The most common SAS tasks to run are: epproc, emproc, rgsproc, and omichain. Each one can be run without inputs (but some inputs are needed for more advanced analysis).

You can list all input arguments available to any SAS task with option '--help' (or '-h'),

w('epproc', ['-h']).run()

Here is an example of how to apply a "standard" filter. This is equivelant to running the following SAS command:

evselect table=unfiltered_event_list.fits withfilteredset=yes \
    expression='(PATTERN $<=$ 12)&&(PI in [200:12000])&&#XMMEA_EM' \
    filteredset=filtered_event_list.fits filtertype=expression keepfilteroutput=yes \
    updateexposure=yes filterexposure=yes

The input arguments should be in a list, with each input argument a separate string. Note: Some inputs require single quotes to be preserved in the string. This can be done using double quotes to form the string. i.e. "expression='(PATTERN <= 12)&&(PI in [200:4000])&&#XMMEA_EM'". An explanation of this filter, and other filters, can be found in The XMM-Newton ABC Guide.

unfiltered_event_list = "3278_0802710101_EMOS1_S001_ImagingEvts.ds"

inargs = ['table={0}'.format(unfiltered_event_list), 
          'withfilteredset=yes', 
          "expression='(PATTERN <= 12)&&(PI in [200:4000])&&#XMMEA_EM'", 
          'filteredset=filtered_event_list.fits', 
          'filtertype=expression', 
          'keepfilteroutput=yes', 
          'updateexposure=yes', 
          'filterexposure=yes']

w('evselect', inargs).run()

6. basic_setup

For convenience there is a function called basic_setup which will run odfcompile, and then run both epproc and emproc. This allows for data to be copied into your personal data space, calibrated, and run two of the most common SAS tasks, all with a single command.

odf = pysas.odfcontrol.ODFobject(obsid)
odf.basic_setup(data_dir=data_dir,overwrite=False,repo='sciserver',rerun=False)

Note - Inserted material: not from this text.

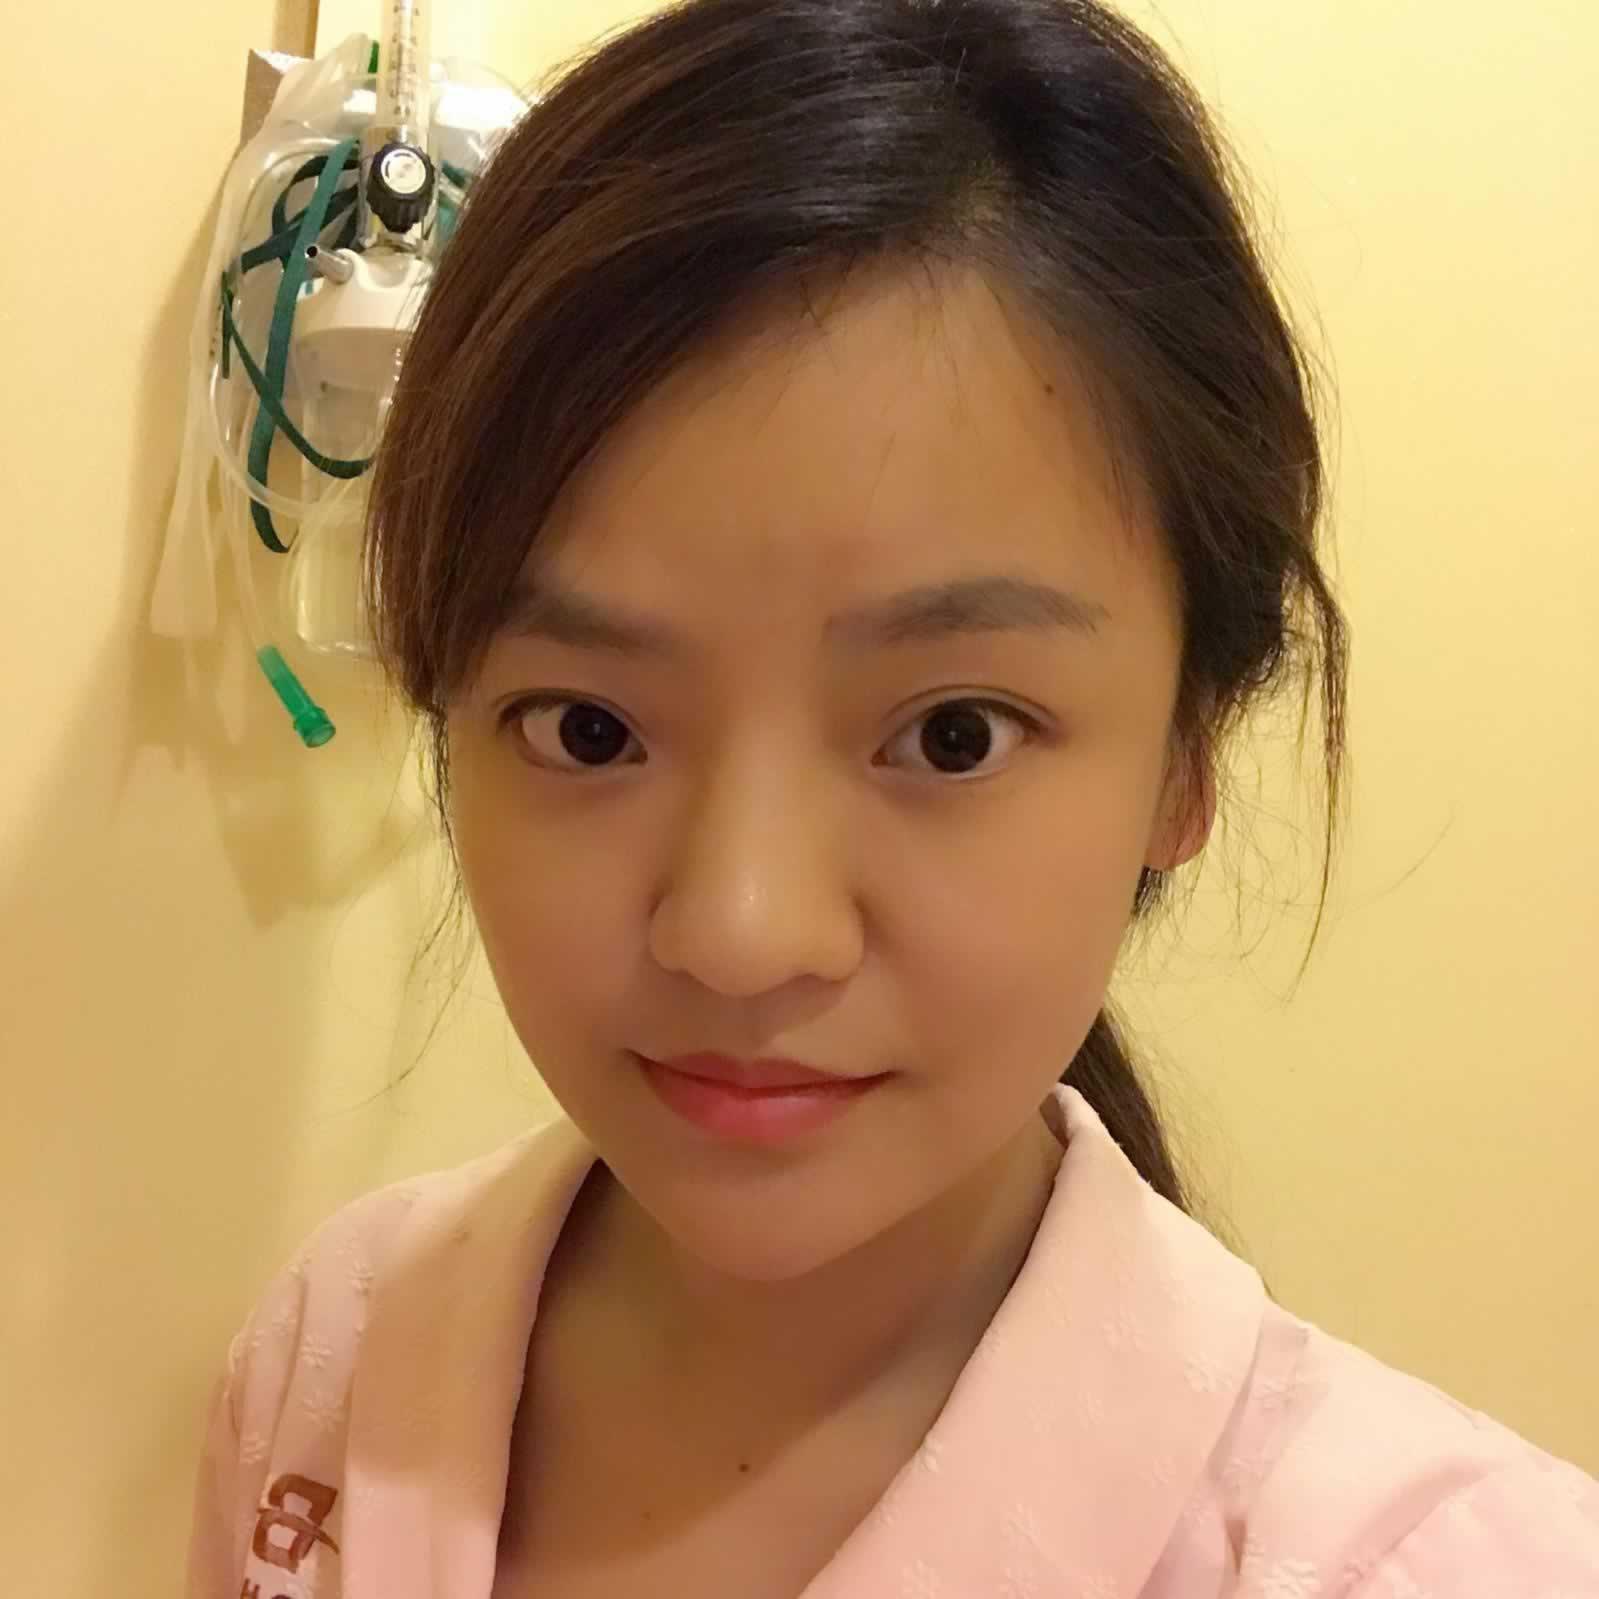 从韩国做完鼻中隔软骨隆鼻这半年多的恢复效果给大家分享一下。

Running basic_setup(data_dir=data_dir,overwrite=False,repo='sciserver',rerun=True) is the same as running the following commands:

odf.odfcompile(data_dir=data_dir,overwrite=False,repo='sciserver')
w('epproc',[]).run()
w('emproc',[]).run()

Using the function odf.basic_setup with rerun=False will check if epproc or emproc have already been run and will not overwrite existing output files. If rerun=True then previous output files will be ignored and overwritten. After running basic_setup there will be more files listed in the odf.files dictionary.

instrument_files = list(odf.files.keys())
print(instrument_files,'\n')
for instrument in instrument_files:
    print(f'File Type: {instrument}')
    print('>>> {0}'.format(odf.files[instrument]),'\n')

For more information see the function documentation.

odf.basic_setup?

7. Just the Raw Data

If you want to just copy the raw data, and not do anything with it, you can use the function download_data. The function takes obsid and data_dir (both required) and copies the data from the HEASARC on SciServer. If the directory data_dir does not exist, it will create it. It will also create a subdirectory for the obsid. WARNING: This function will silently erase any prior data in the directory $data_dir/obsid/.

pysas.odfcontrol.download_data(obsid,data_dir,repo='sciserver')